### The problem
Transcribe, with complete accuracy, all of the entries below except for the pictures.

### Stored data
● ● ● ●
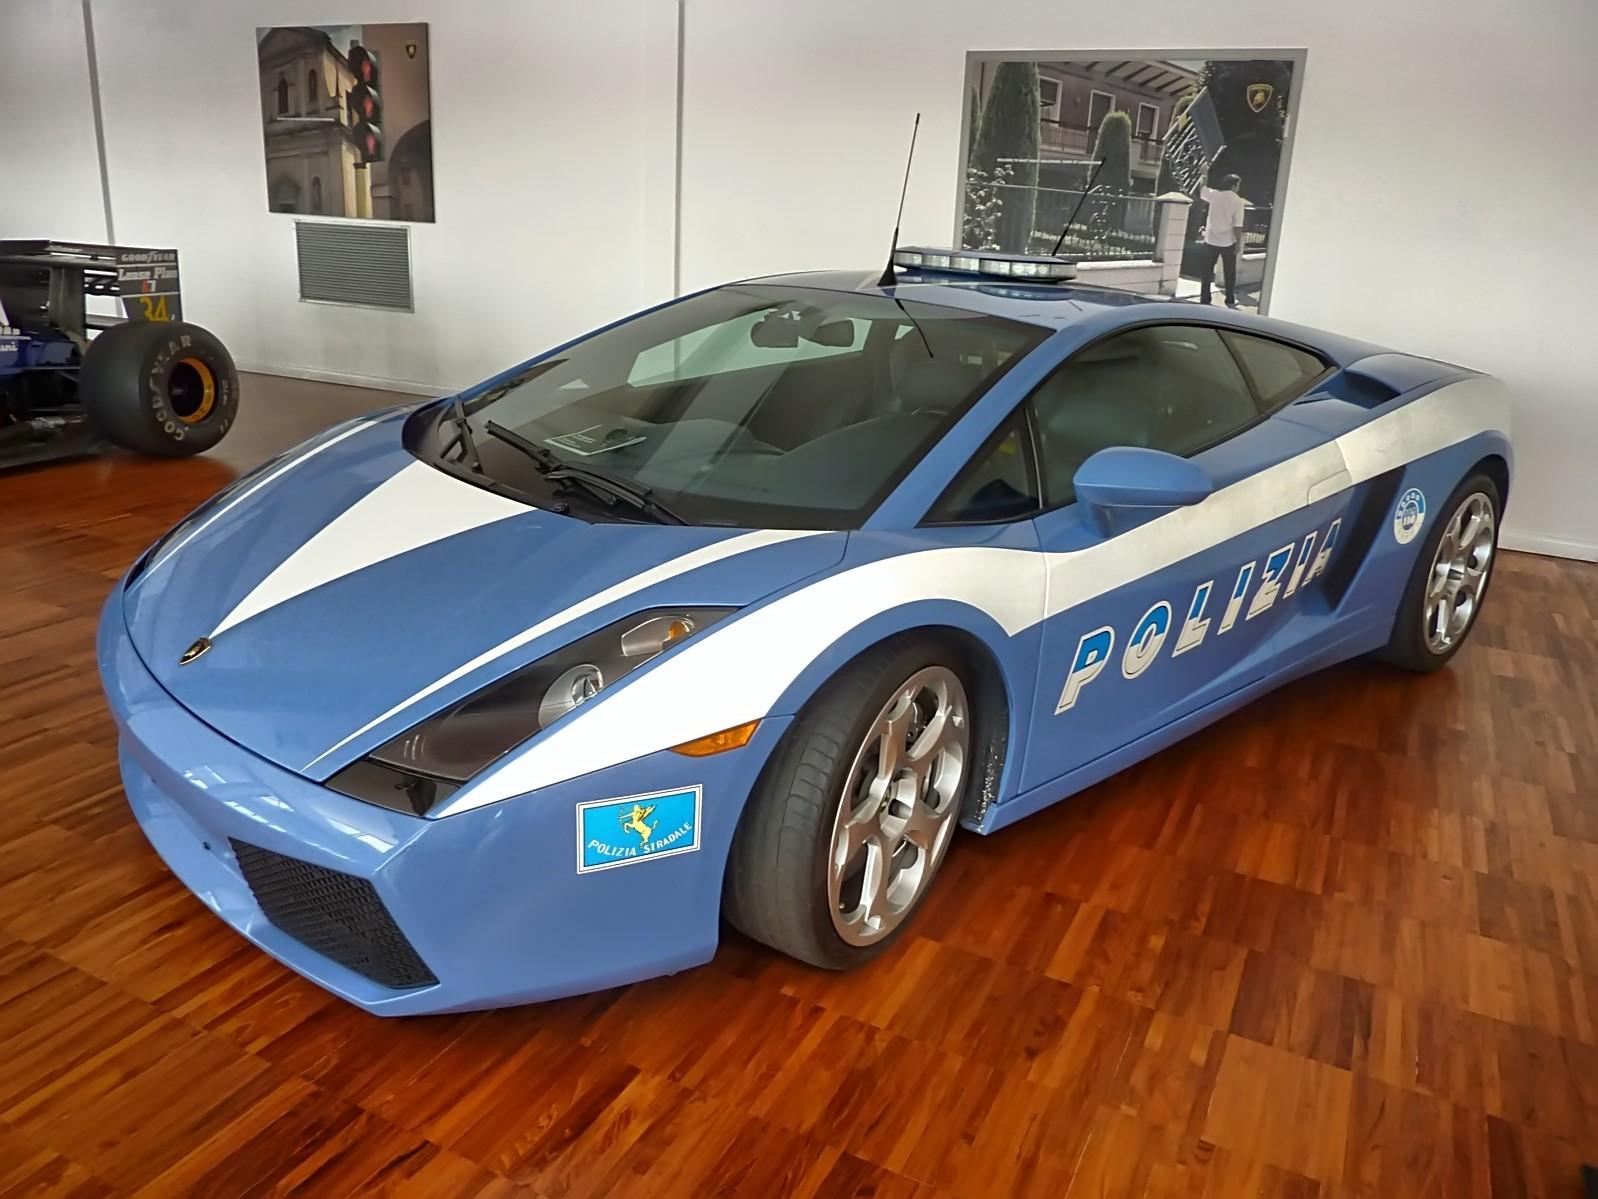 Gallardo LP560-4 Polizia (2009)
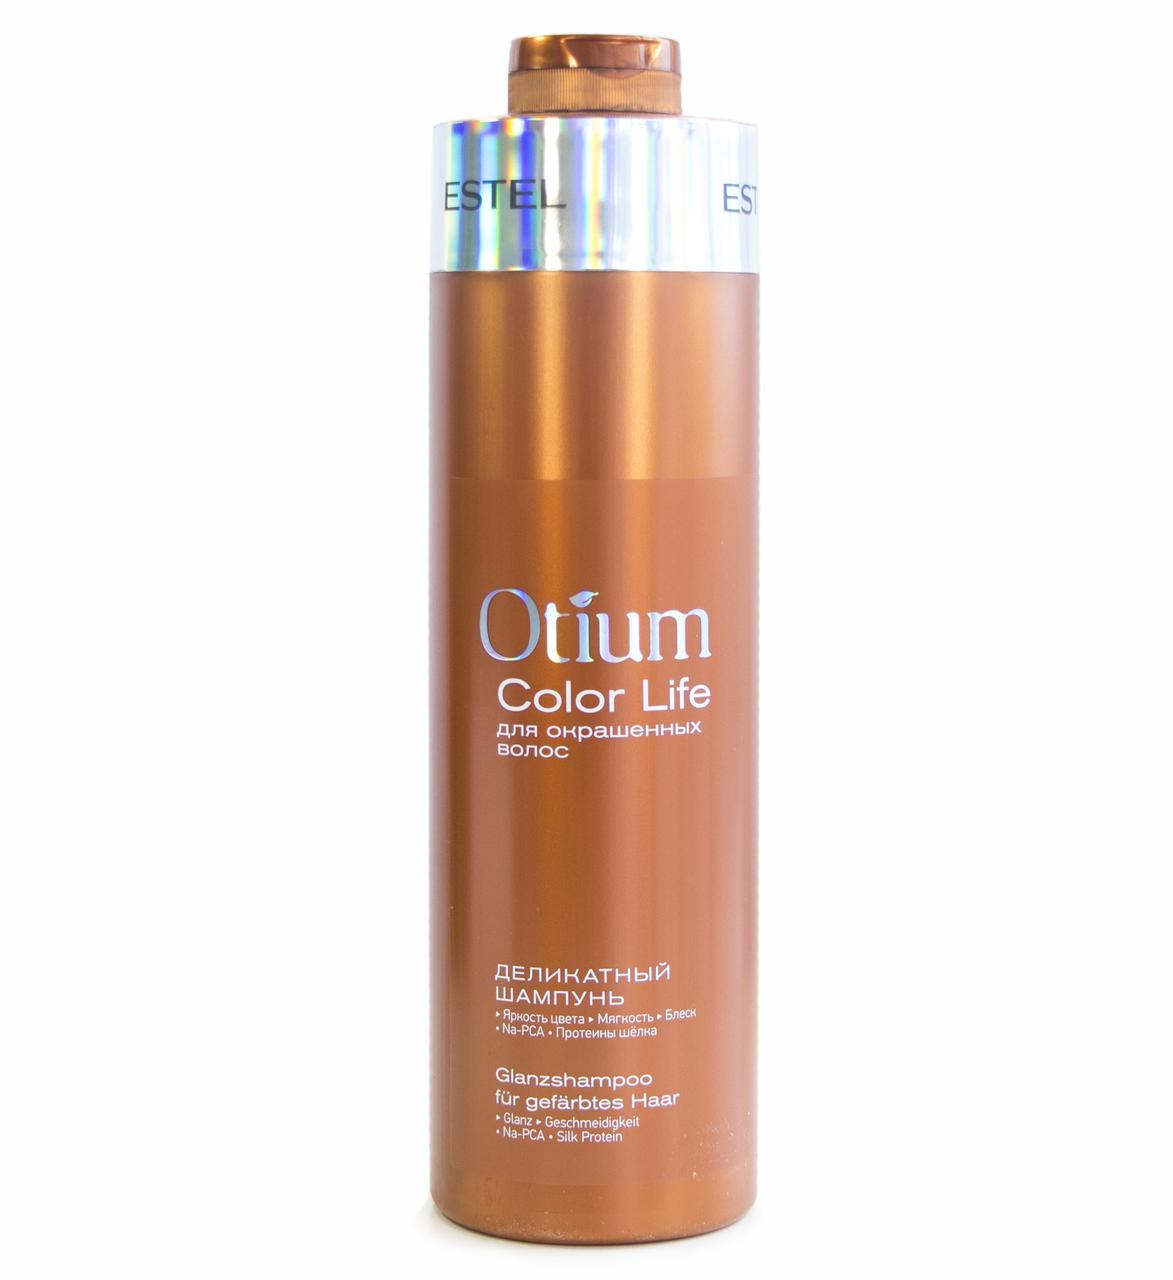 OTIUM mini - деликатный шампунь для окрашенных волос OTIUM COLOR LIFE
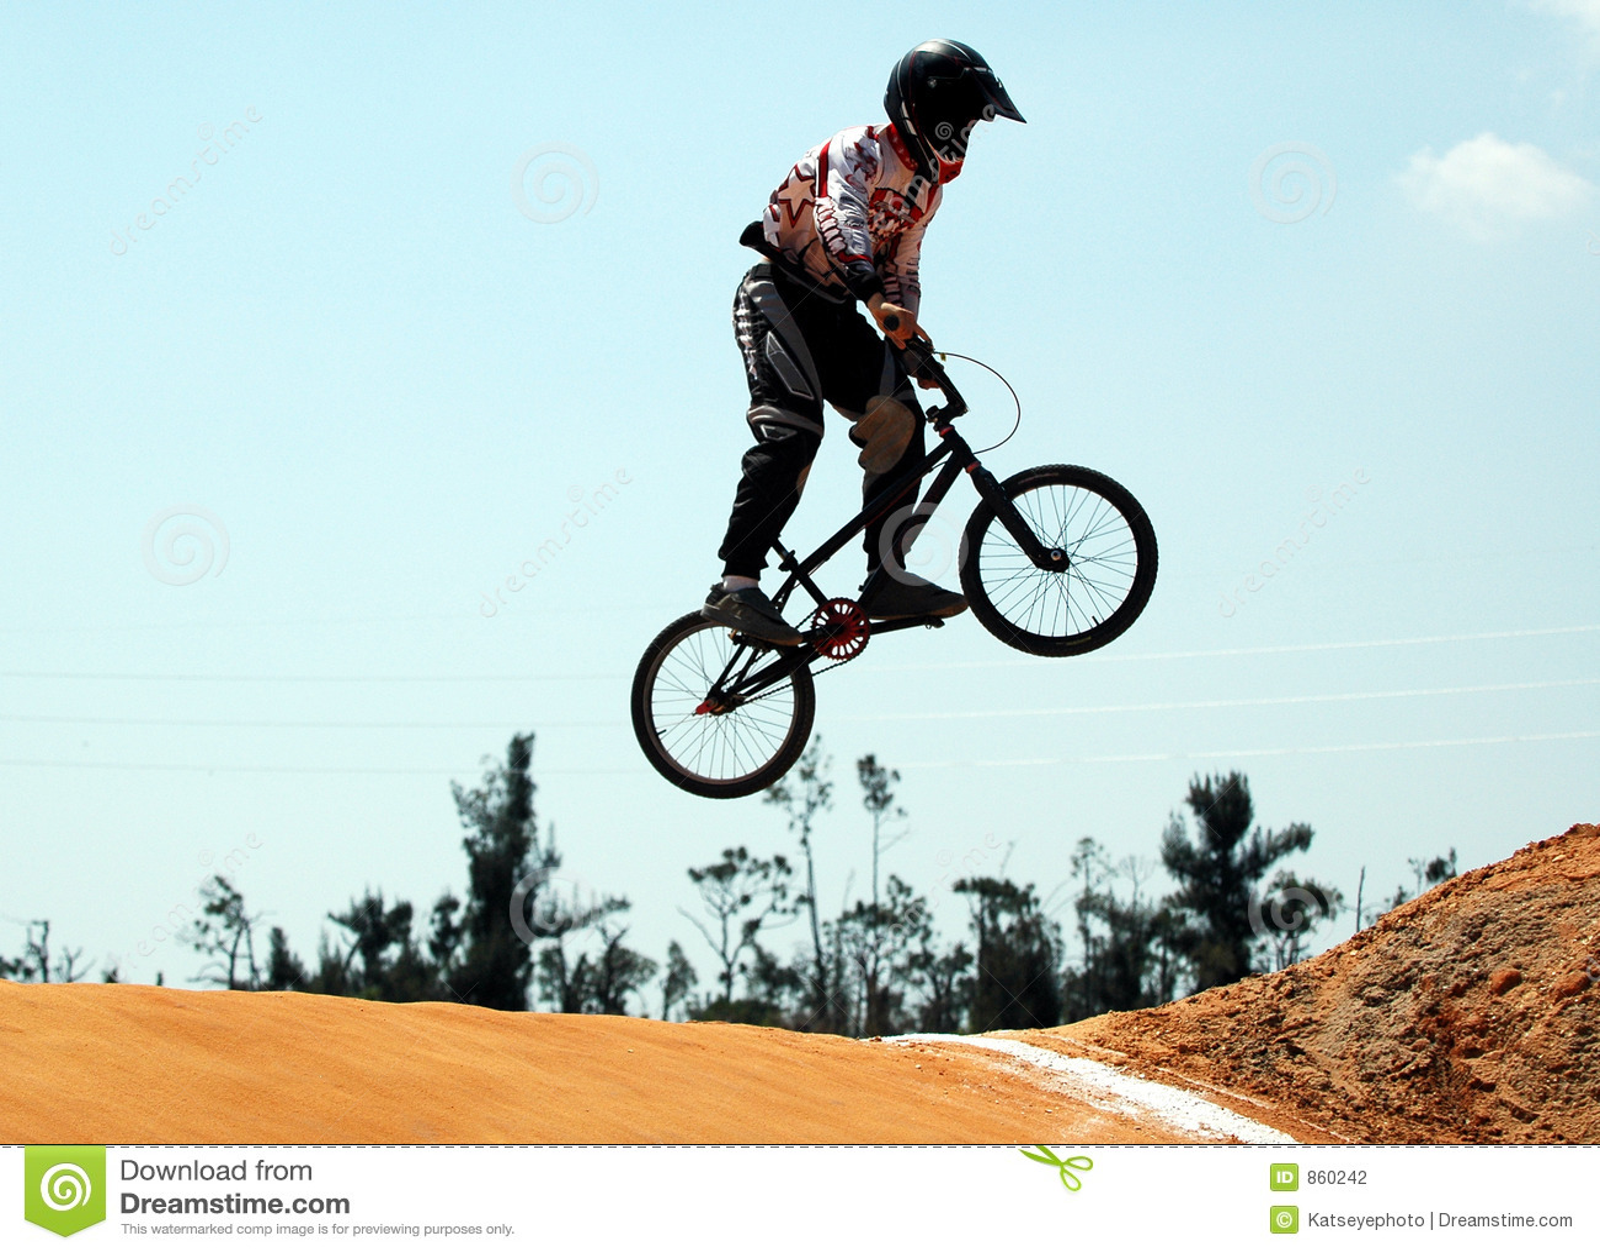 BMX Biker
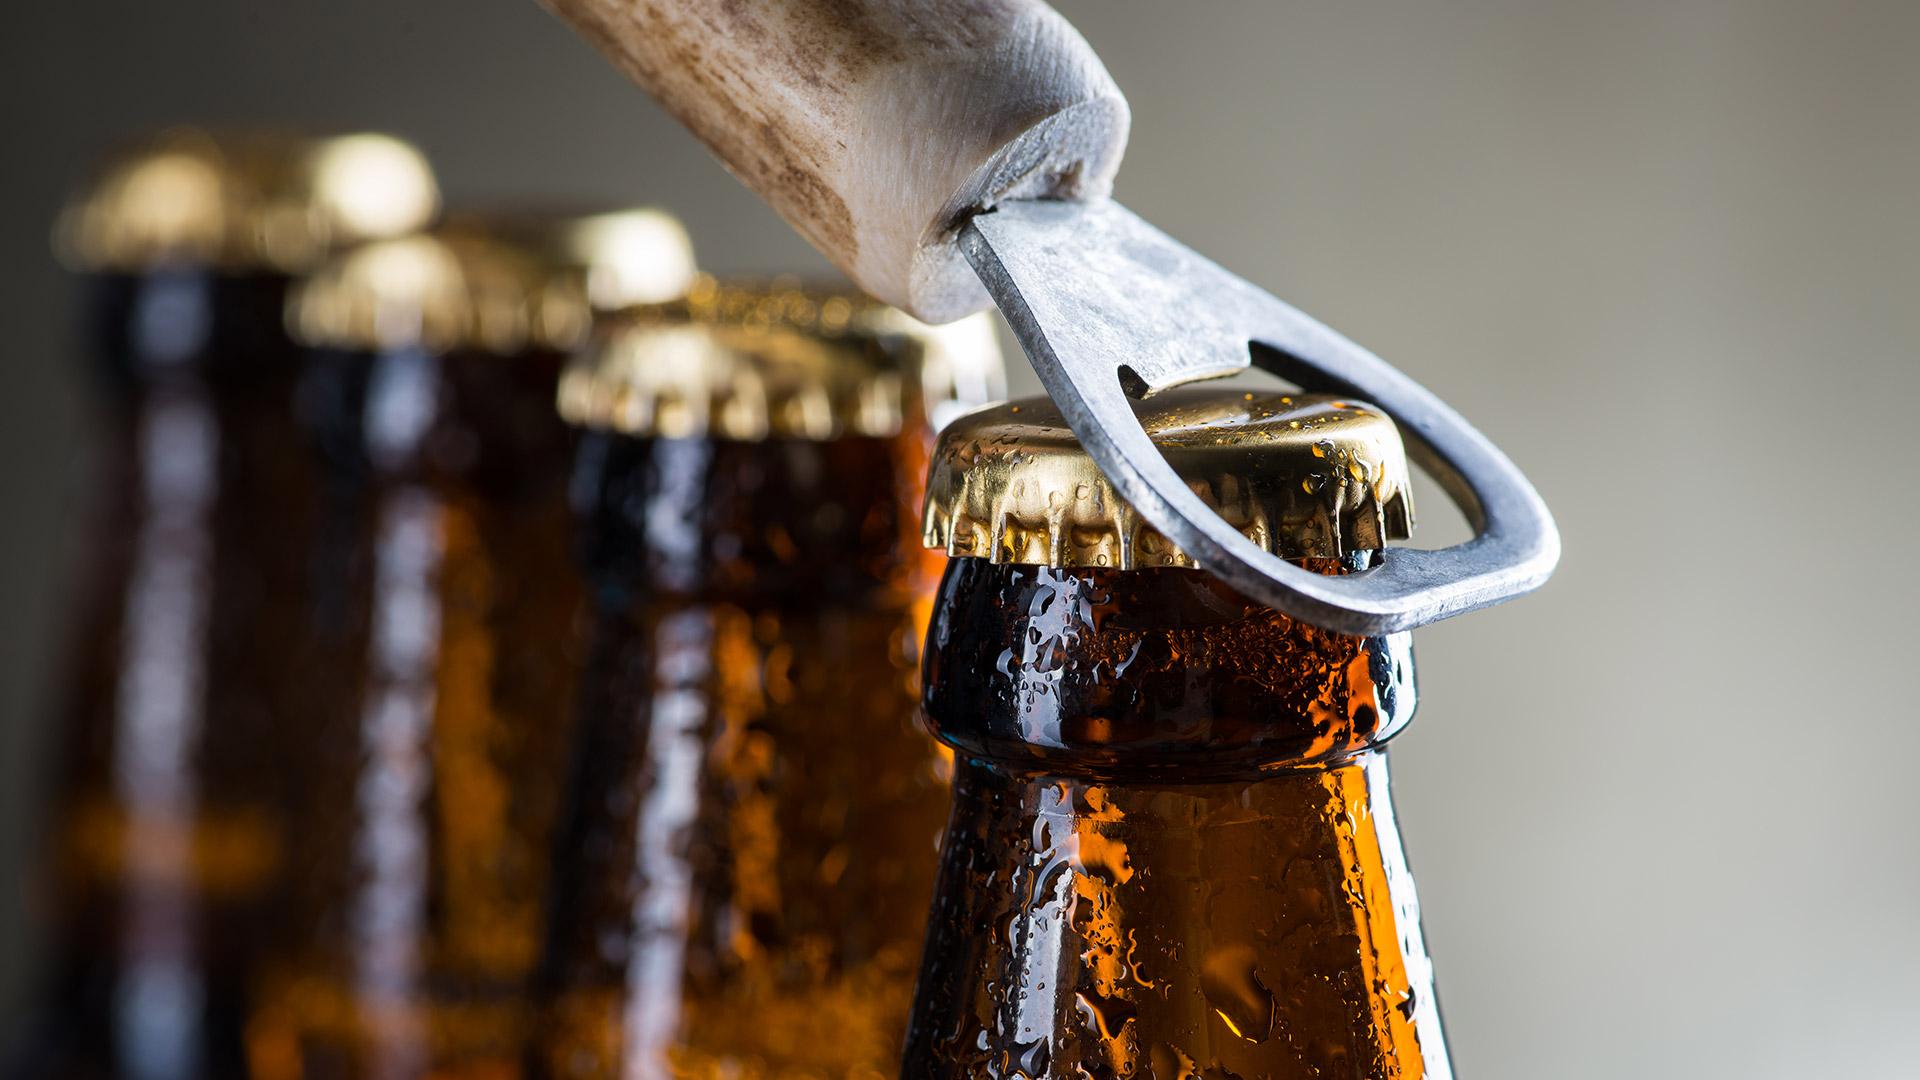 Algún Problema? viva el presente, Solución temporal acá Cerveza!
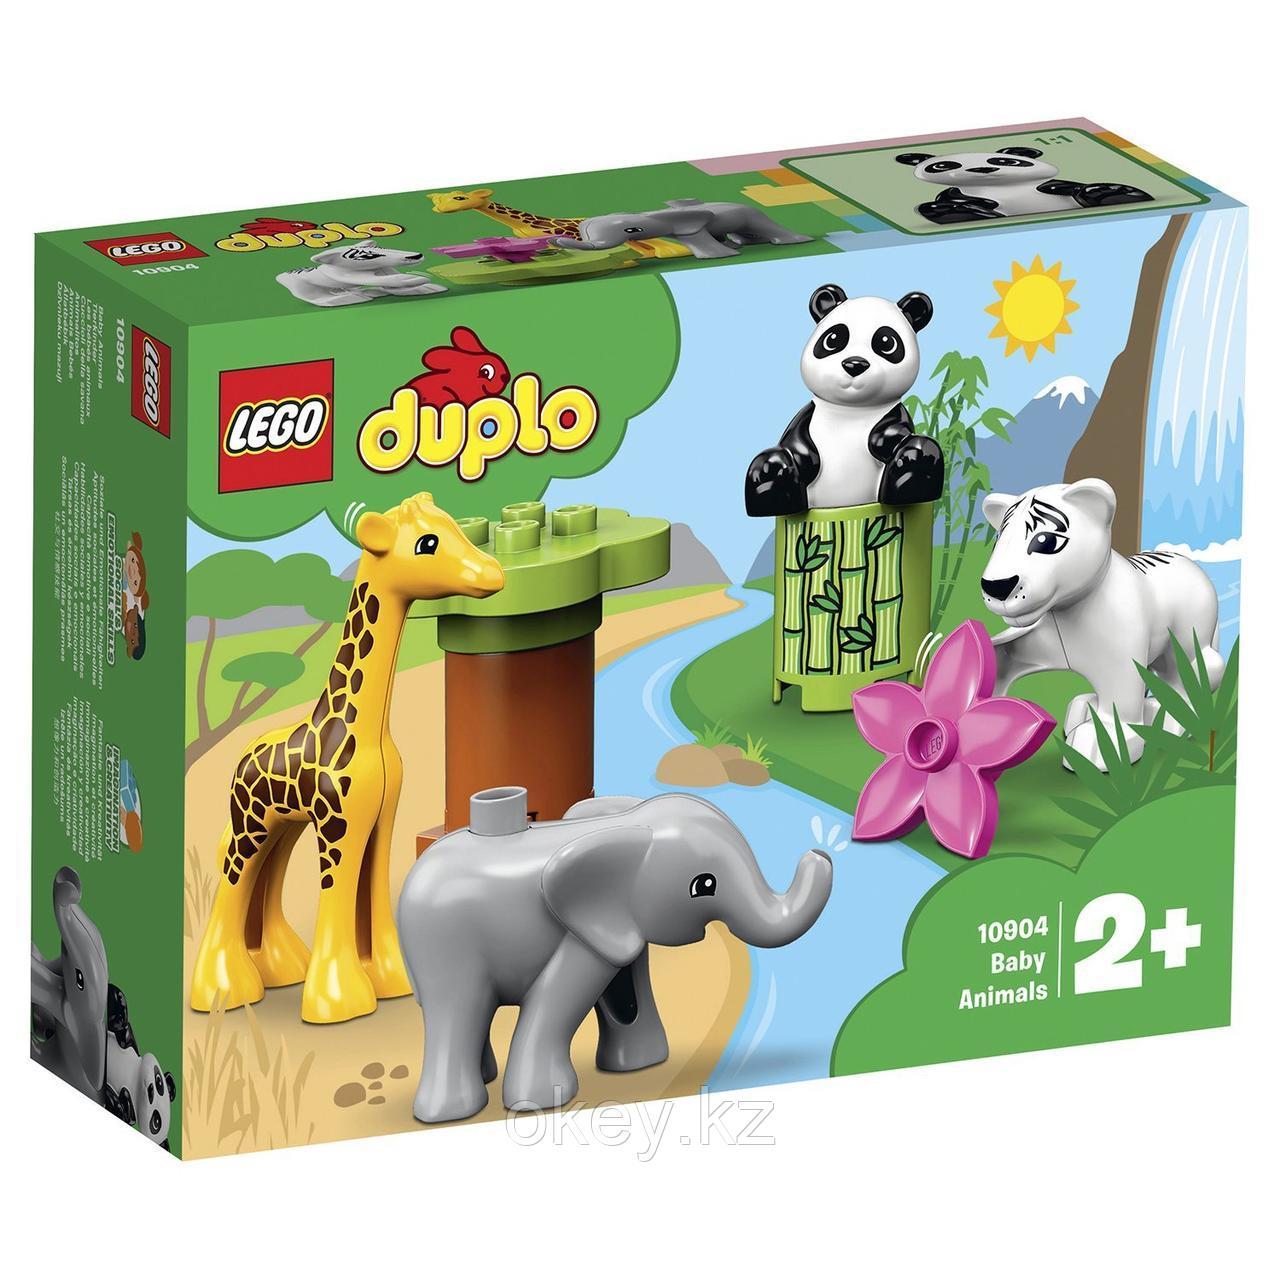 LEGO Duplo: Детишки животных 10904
● ● ● ●
### Solved exercise
 Gallardo LP560-4 Polizia (2009)
 OTIUM mini - деликатный шампунь для окрашенных волос OTIUM COLOR LIFE
 BMX Biker
 Algún Problema? viva el presente, Solución temporal acá Cerveza!
 LEGO Duplo: Детишки животных 10904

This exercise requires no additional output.